University Tenants Union housing portal shut down for violating advertising policies, but ruling eliminates student complaints against landlords

Last year, the University of Illinois at Urbana-Champaign quietly shut down an online portal that compiled a database of student complaints against area landlords and landlord responses to those complaints.

The site, called Housing Explorer, which also listed rental property listings, was shut down last June after the spring semester.

A year ago, Dana DeCair, assistant dean of students for the Office of Off-Campus Community Living, said the office had focused on rental education, tenant safety and settlement. reliable relationships with owners and that the site put owners on the “defensive.”

But more recently, a university official said the site was taken down because it violated the university’s advertising policies.

Robin Kaler, associate chancellor of public affairs, said in an email interview this month that the site was taken down because it violated campus website advertising rules and it was too much work to maintain the complaints section.

If students wanted to get specific information about complaints against owners in Champaign, they would now have to take to social media, where owners sometimes pay students for good reviews, or file a Freedom of Information Act (FOIA ) with the town of Champaign. . A recent CU-CitizenAccess request for complaint data found that there had been an average of 161 per year since 2015.

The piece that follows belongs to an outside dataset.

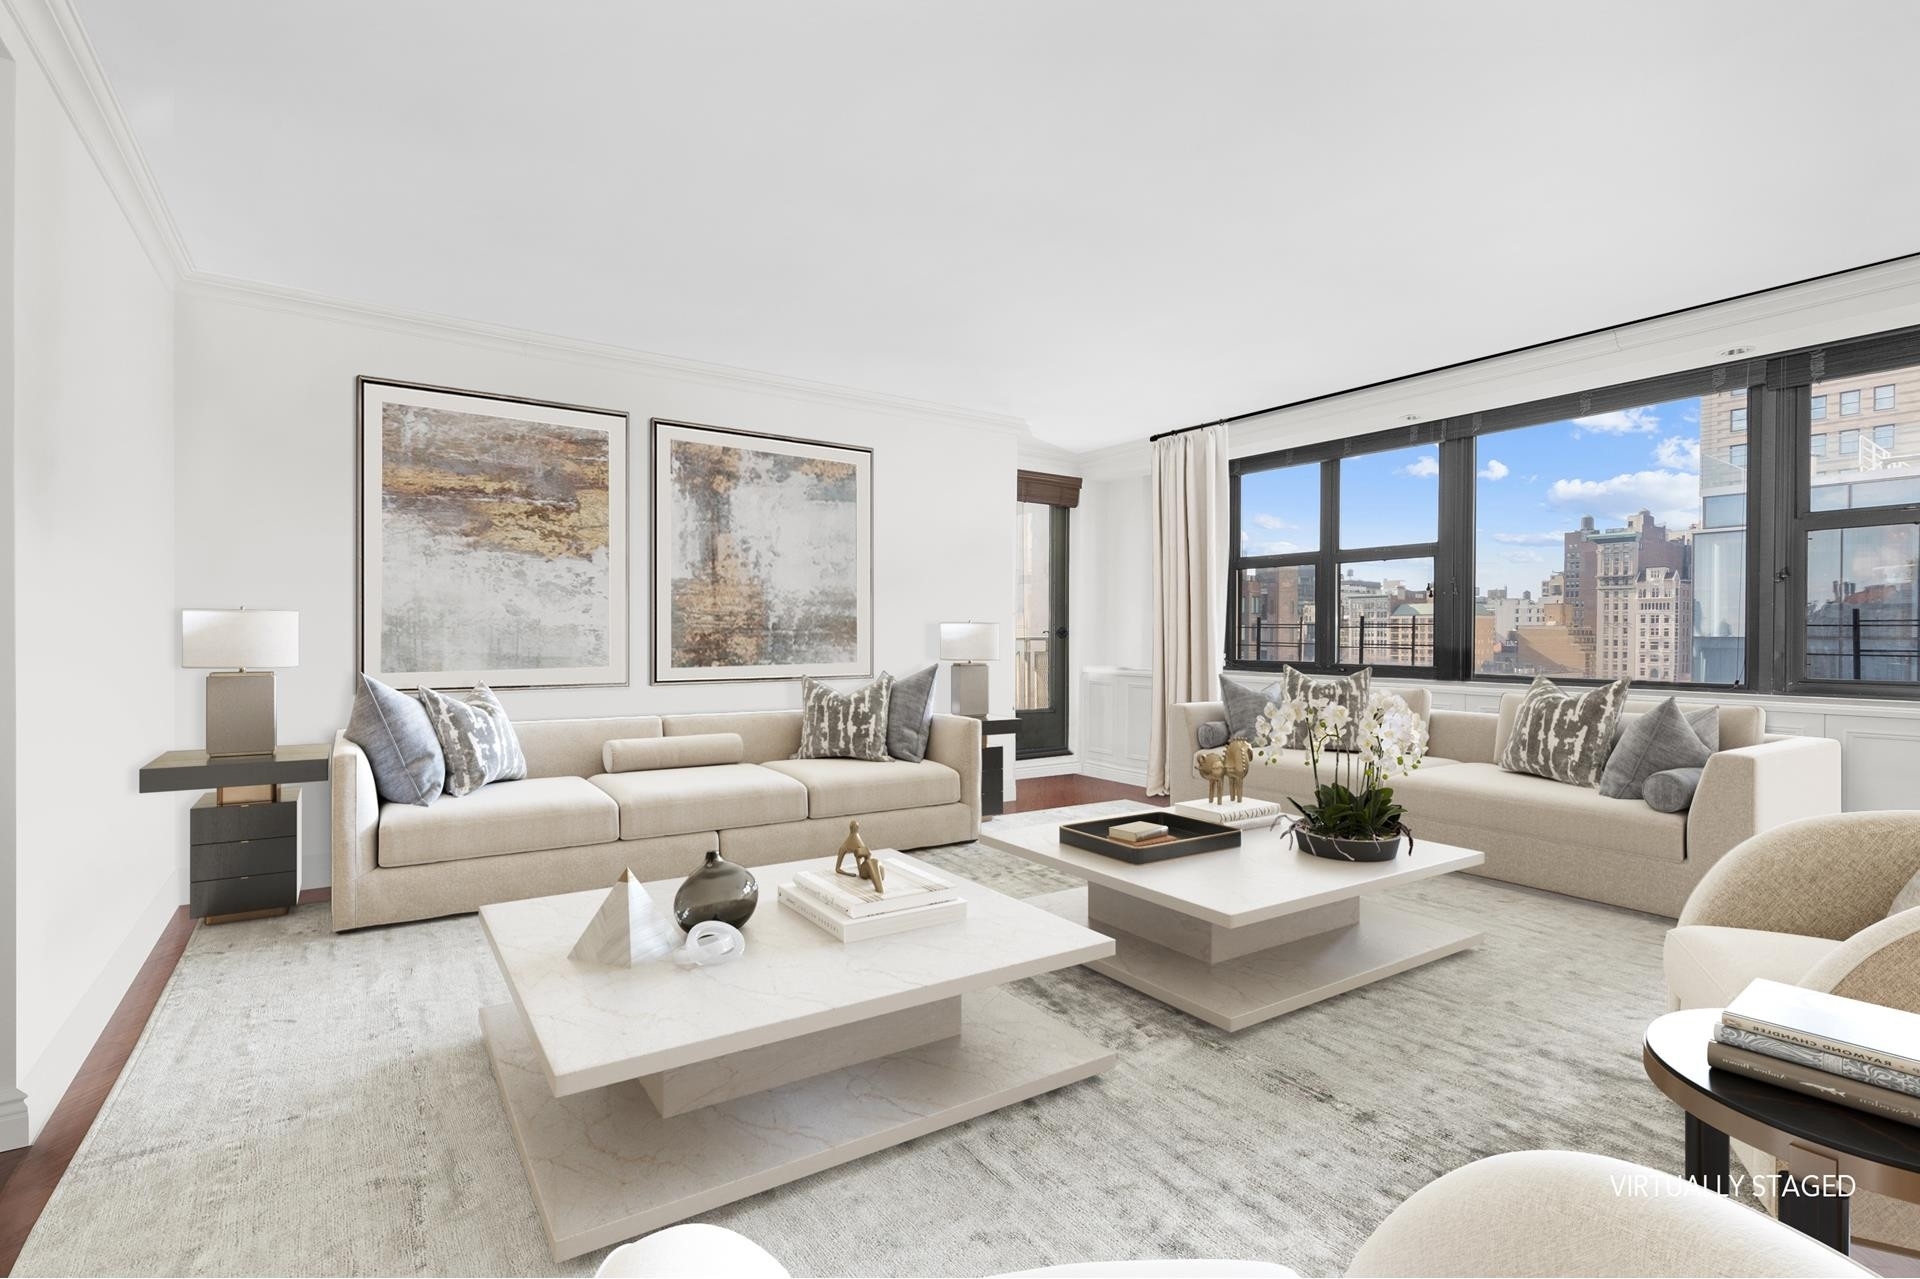 Co-op Properties for Sale at Gramercy Plaza, 130 E 18TH ST , 14RSTU Gramercy Park, New York, New York 10003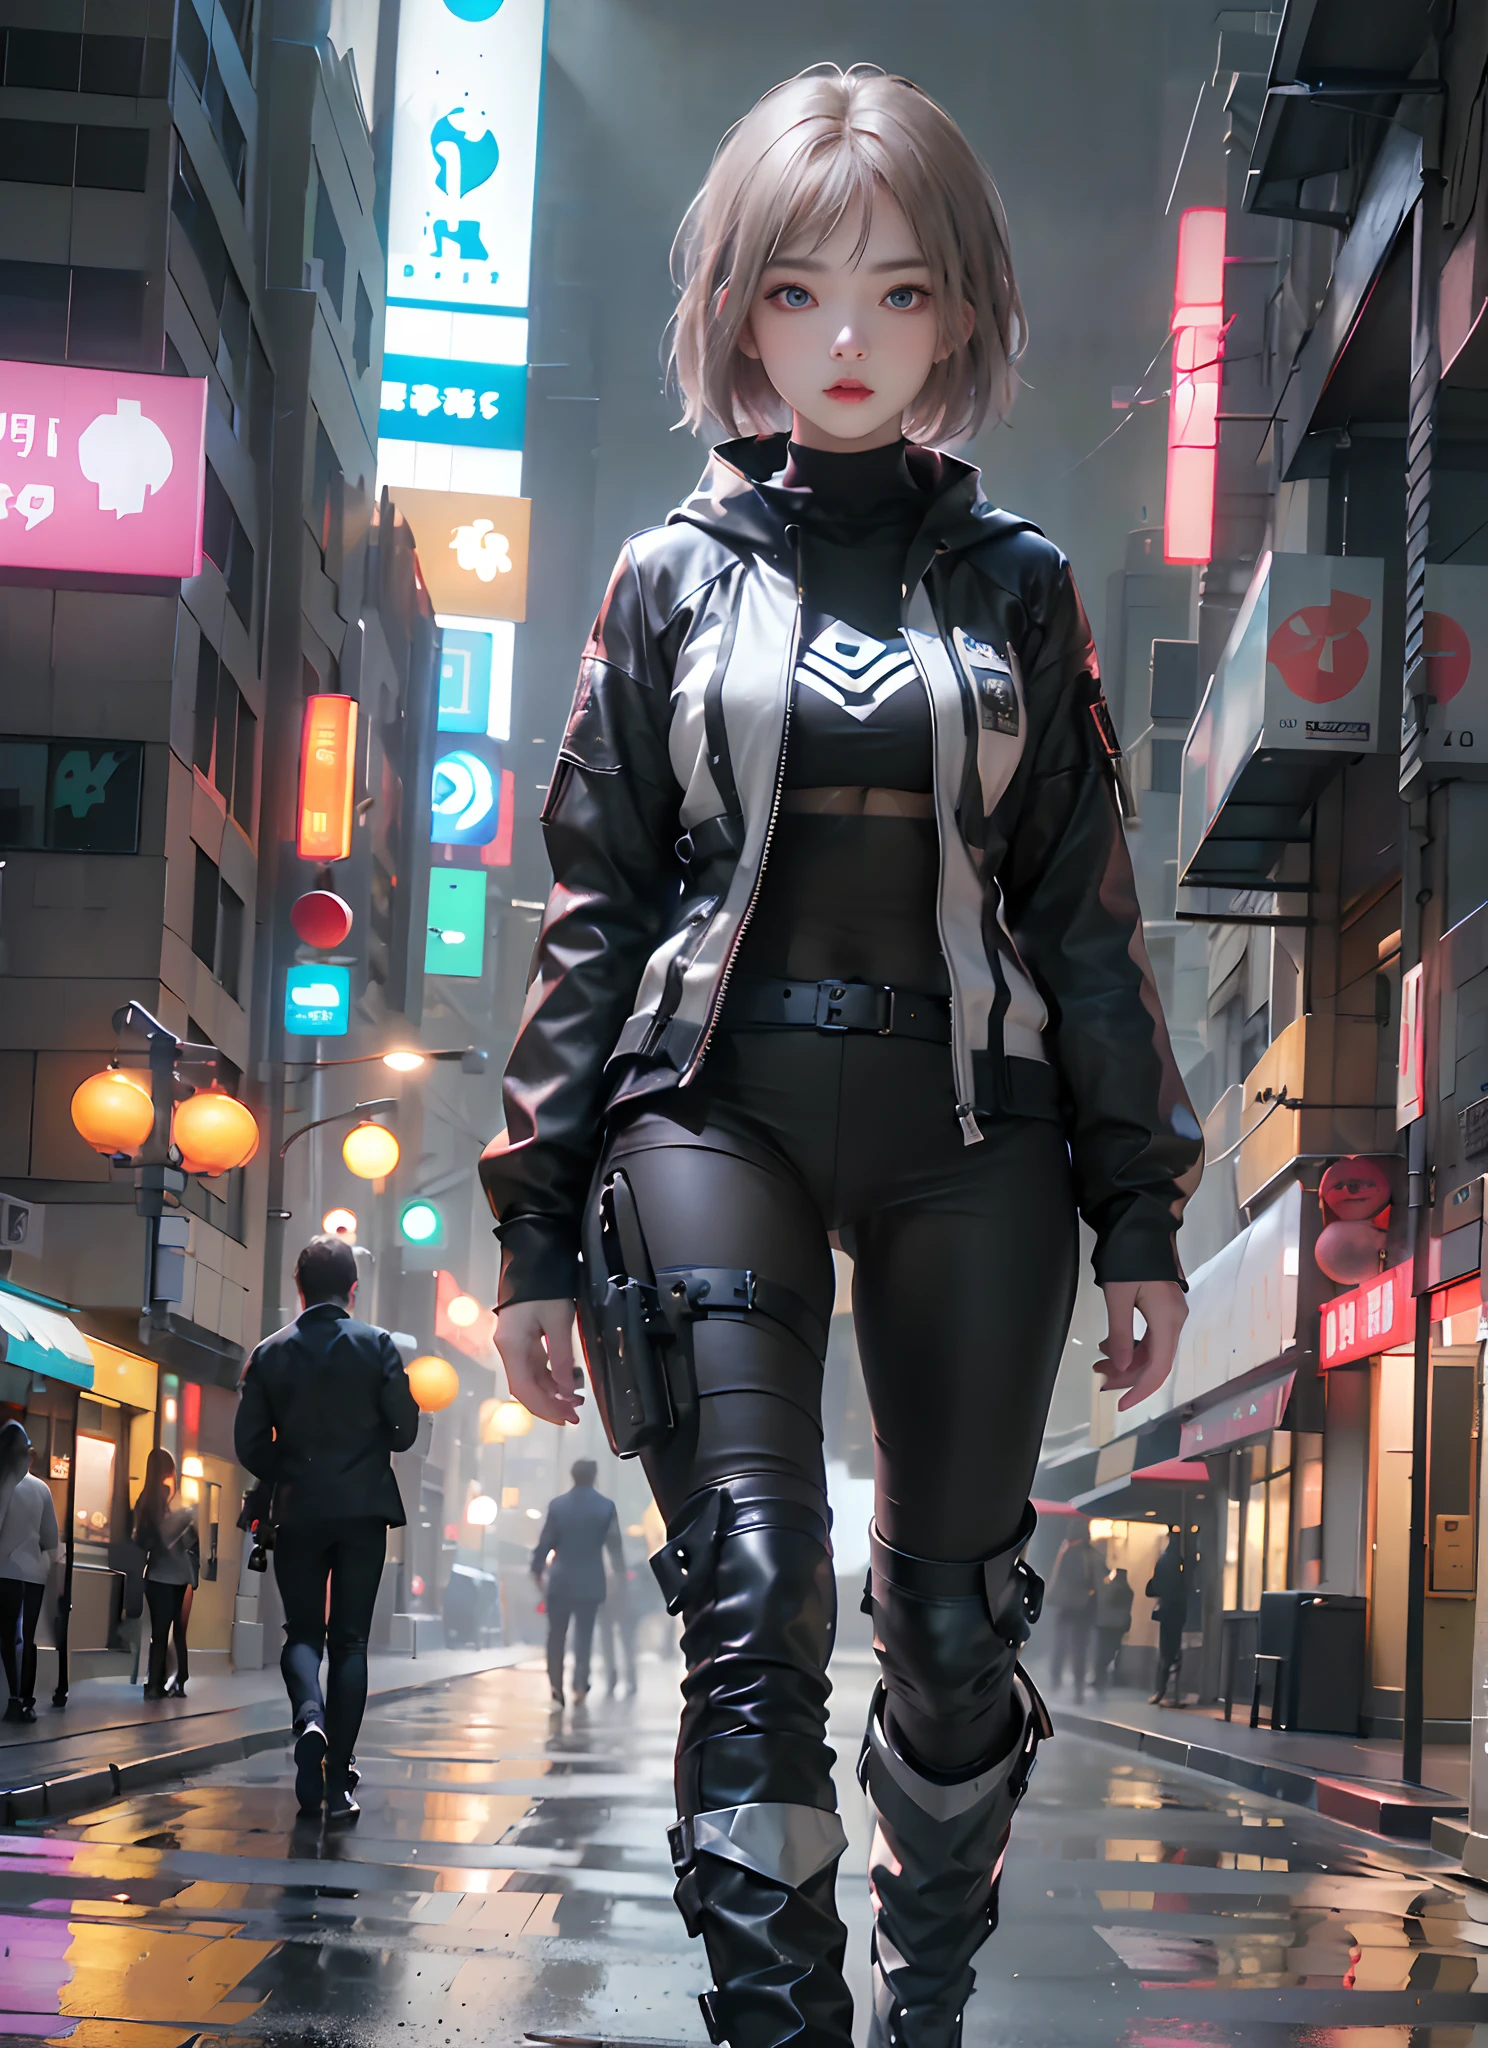 ((top-quality)), (((​masterpiece)), (detaileds: 1.4), 3D, Beautiful Cyberpunk Woman Image, bob cuts, Broken black tights, leather clothes, Electromechanical, nffsw(HighDynamicRange), Ray traching, NVIDIA RTX, Hyper-Resolution, Unreal 5, Sub-surface scattering, PBR Texture, Postprocess, Anisotropy Filtering, depth of fields, Maximum sharpness and acutance, Multilayer Texture, Albedo and Highlight Maps, Surface Coloring, Accurate simulation of light-material interactions, perfectly proportions、octane renderings、two tone lighting、Large aperture、Low ISO、White Balance、thirds rule、8K Raw、​masterpiece、top-quality、(8k extremely detailed CG unit wallpaper)(top-quality)、(The best illustrations)、(Best Shadows), innocent blue eyes, body swimsuit, poni hair

DeCair said Housing Explorer was originally created to generate income for the office while providing resources for students. She explained that there were many factors that contributed to the stopping of the resource.

“When Housing Explorer was created, the off-campus community life staff was much larger,” she said. “There were a number of full-time employees dedicated to work. Over the years they’ve kind of reduced that and there has been some restructuring. Now it is under the aegis of the deans of student offices and legal services.

In addition, the resource was detrimental to the alliances the office had with the owners.

“[Complaints] would put owners on the defensive. It wasn’t really about building relationships the way we wanted. We only had about three properties on site, ”DeCair said.

But Kaler said: “The Housing Explorer portal was taken down in June 2020 because it violated Campus Administrative Manual (CAM) policy and rental property information was available through other online sources,”

Either way, students now have to use social media to research the owners’ story. Or, because Champaign doesn’t post complaints online against landlords, students could submit an Freedom of Information request to the city – which CU-Citizen Access did this fall.

A review of city data from 2015 to 2021 found that there is an average of 161 complaints reported per year by tenants in Champaign. The complaints detail problems with mold, pest infestations, lack of heat and many other poor housing conditions.

The University of Illinois Off-Campus Community Living suggests that students use sites such as Google Reviews, Yelp, the U of I’s Reddit page, or the Better Business Bureau to draw their own conclusions about companies from leasing on campus.

But few leasing companies are accredited by the Better Business Bureau, and the process of finding information on Google Reviews, Yelp, and Reddit takes time.

In addition, the information collected on social networks may not be an accurate representation of the tenant‘s experience. In several cases, online reviews have mentioned that their rental company offers a discount in exchange for a good review, which diminishes the credibility of these sources.

“Housing Explorer had two sides: advertising properties and dealing with landlord complaints,” Kaler said. “Someone noticed earlier this year that the advertising side was violating the Sponsorship and Advertising section in campus publications which has been in place since June 23, 2015.”

She added, “When we notice a situation like this, we try to resolve it as quickly as possible. Updating the Explorer claim part was taking a long time, and since information is available from other sources and since we continue to advocate for students when they have issues with owners, we have put end to all HE (Housing Explorer).

The Policy on Sponsorships and Advertising in Campus Publications states that “campus units may accept sponsorships, acknowledge, or accept advertisements or advertising in campus publications only in accordance with this policy and applicable procedures. “.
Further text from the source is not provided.